Het boek is opgedeeld in drie delen. In de eerste fragmenten (Voor de glazen deuren) is het Bagnold niet toegestaan verzorgende taken uit te voeren. In het deel Achter de glazen deuren mag ze dat wel. In het derde deel komt de schrijfster terecht bij De jongens, een afdeling voor gewonde soldaten. Haar observaties zijn scherp en kaal. ‘De man naar wie ik moest informeren heeft geen neusgaten, die zijn weggeblazen, en hij ademt door twee buisjes in rood rubber. Het gaf zijn gezicht de meest gruwelijke aanblik die ik ooit heb gezien.’

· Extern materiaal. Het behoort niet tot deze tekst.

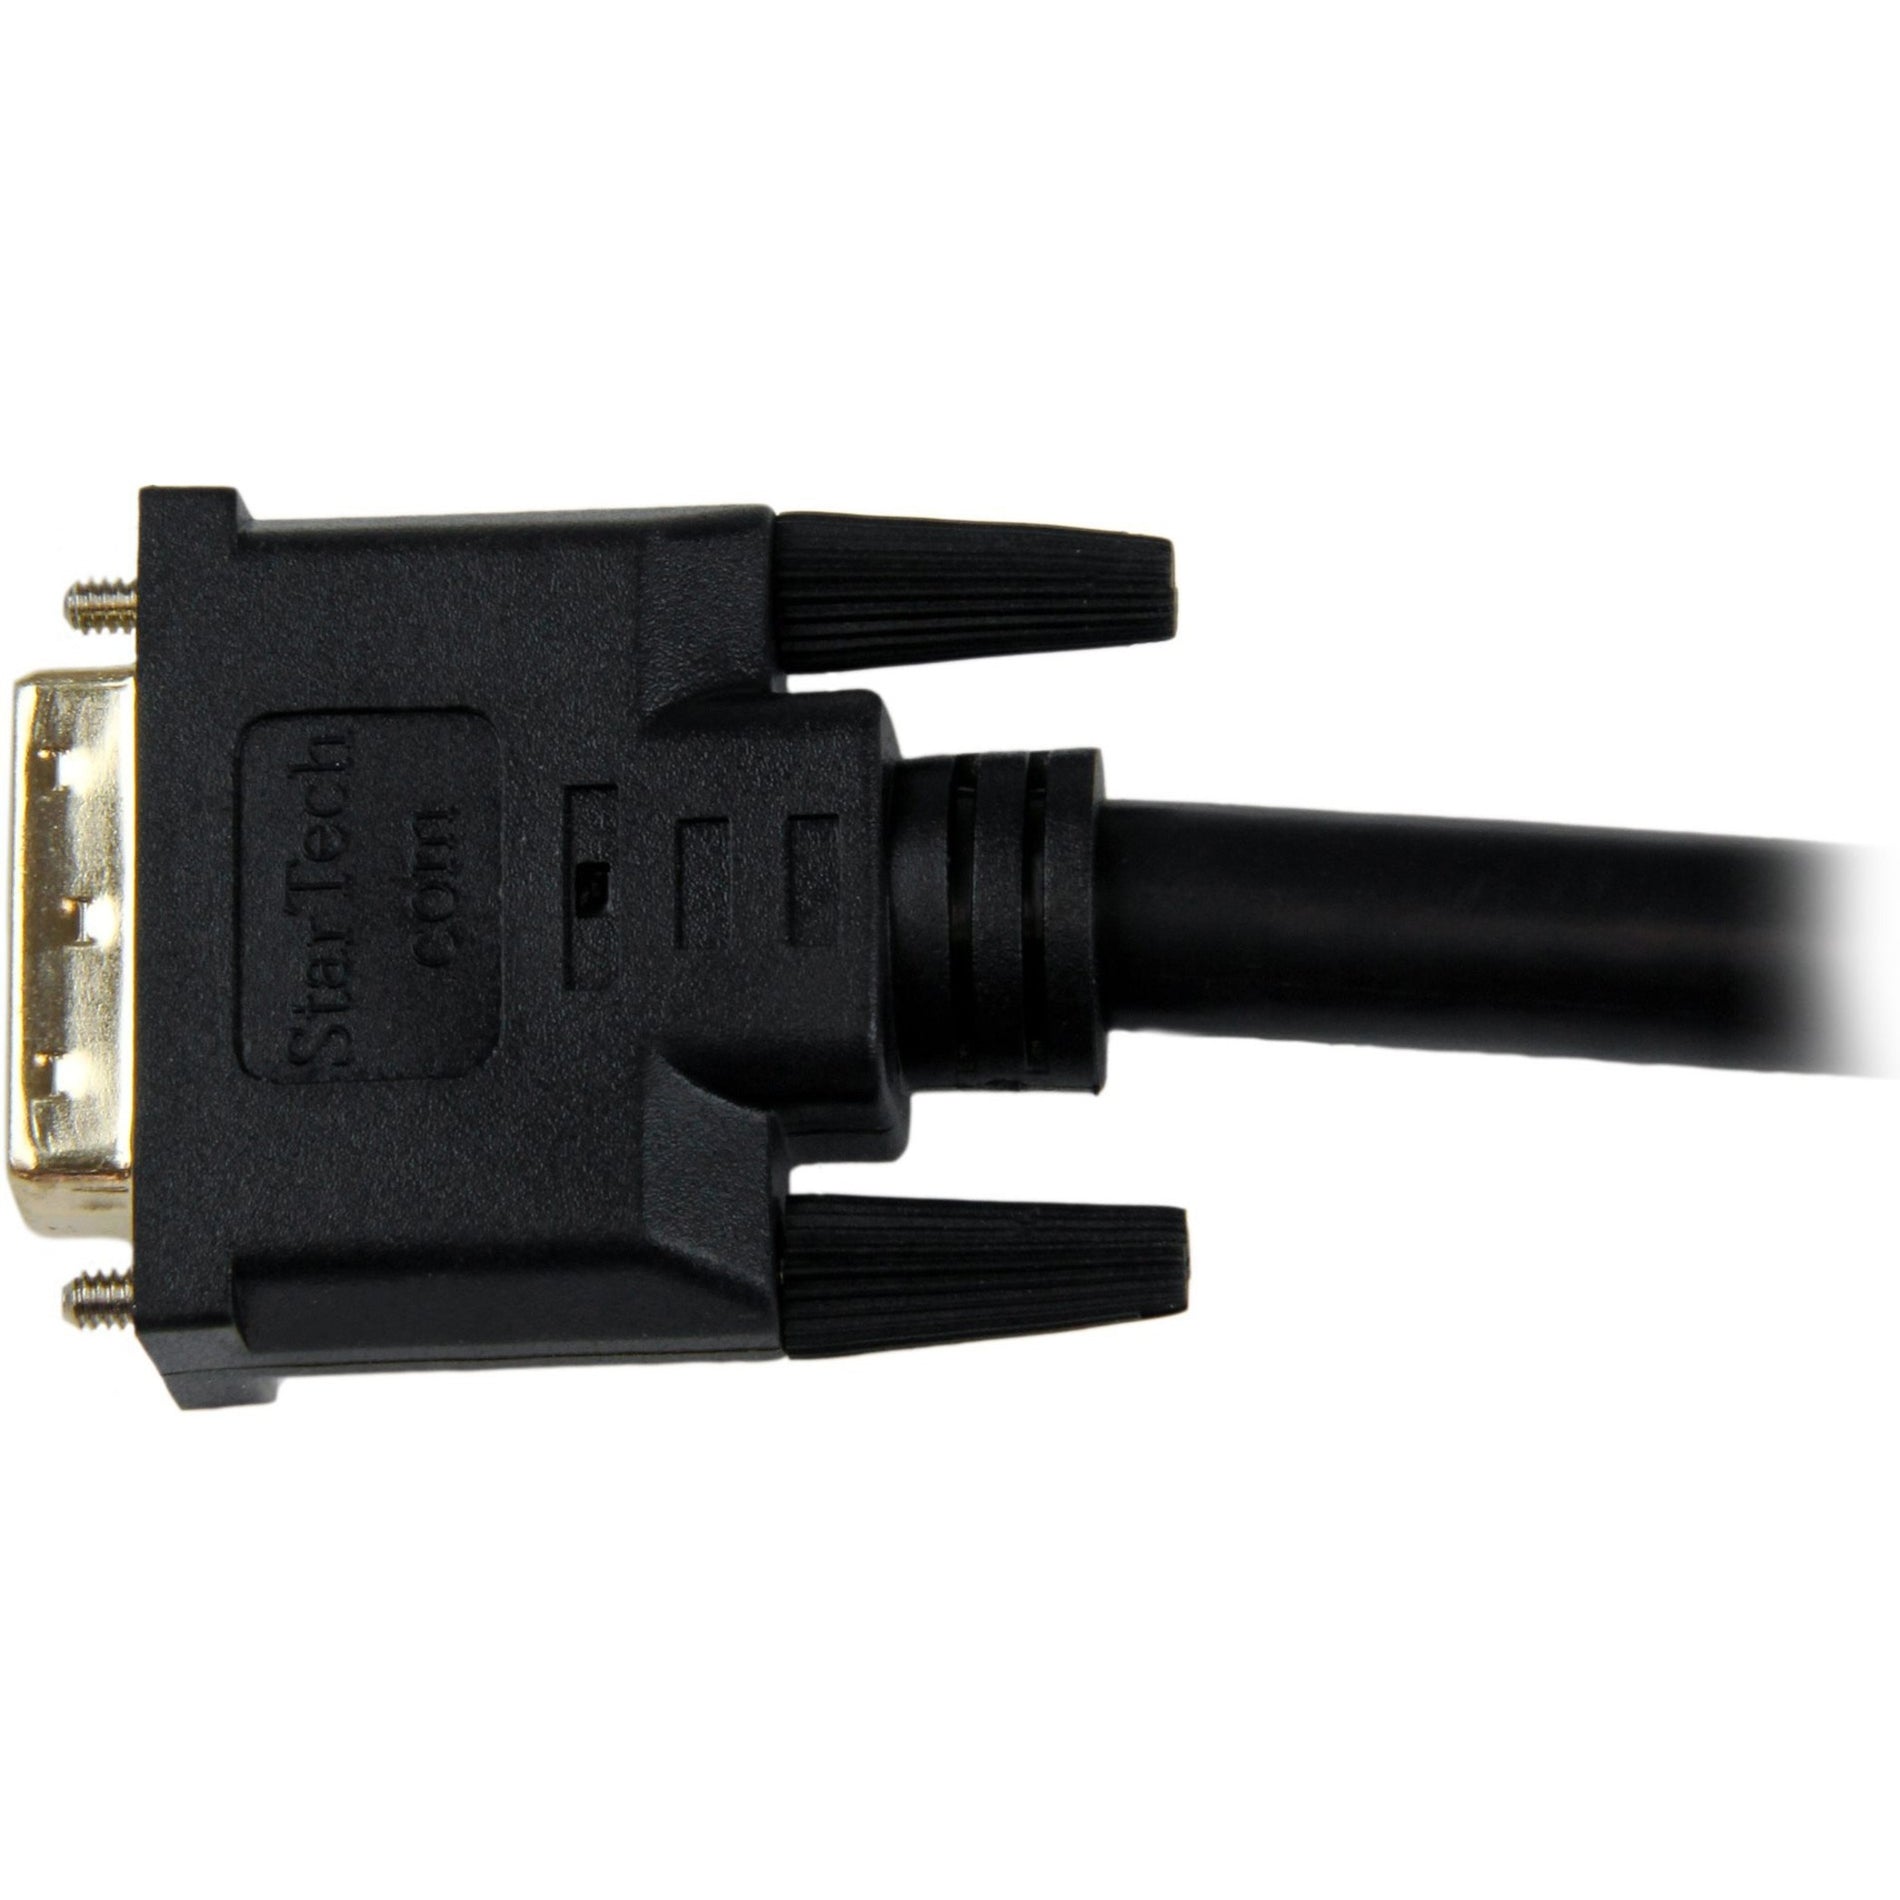 StarTech.com HDMIDVIMM30 30 ft HDMI to DVI-D Cable - M/M, Molded, Passive, Strain Relief, Copper Conductor, Shielded, 24 AWG, Nickel Plated Connectors, Black

Onverstoorbaar vertelt ze wat ze ziet, hoort en ruikt. De verschrikkingen zijn kaal maar wel met een gevoel voor de menselijke verhoudingen opgeschreven. De rest van de verpleging (die zij steevast Zuster noemt) heeft daar geen oog voor: ‘Rond zijn bed stonden drie rode schermen en de bezige, wit bekapte hoofden van twee Zusters dobberden boven die vestingmuur uit.’

De kritiek op de opvang van gewonden zorgde ervoor dat de schrijfster na publicatie van Dagboek zonder data werd ontslagen wegens het overtreden van militaire tucht. ‘Het hospitaal – een soort vlakke toon, een plek van gefluister, en wielen die voortglijden op rubberen banden, en lange corridors, en eigenaardige ontsekste vrouwen die erin rond bewegen.’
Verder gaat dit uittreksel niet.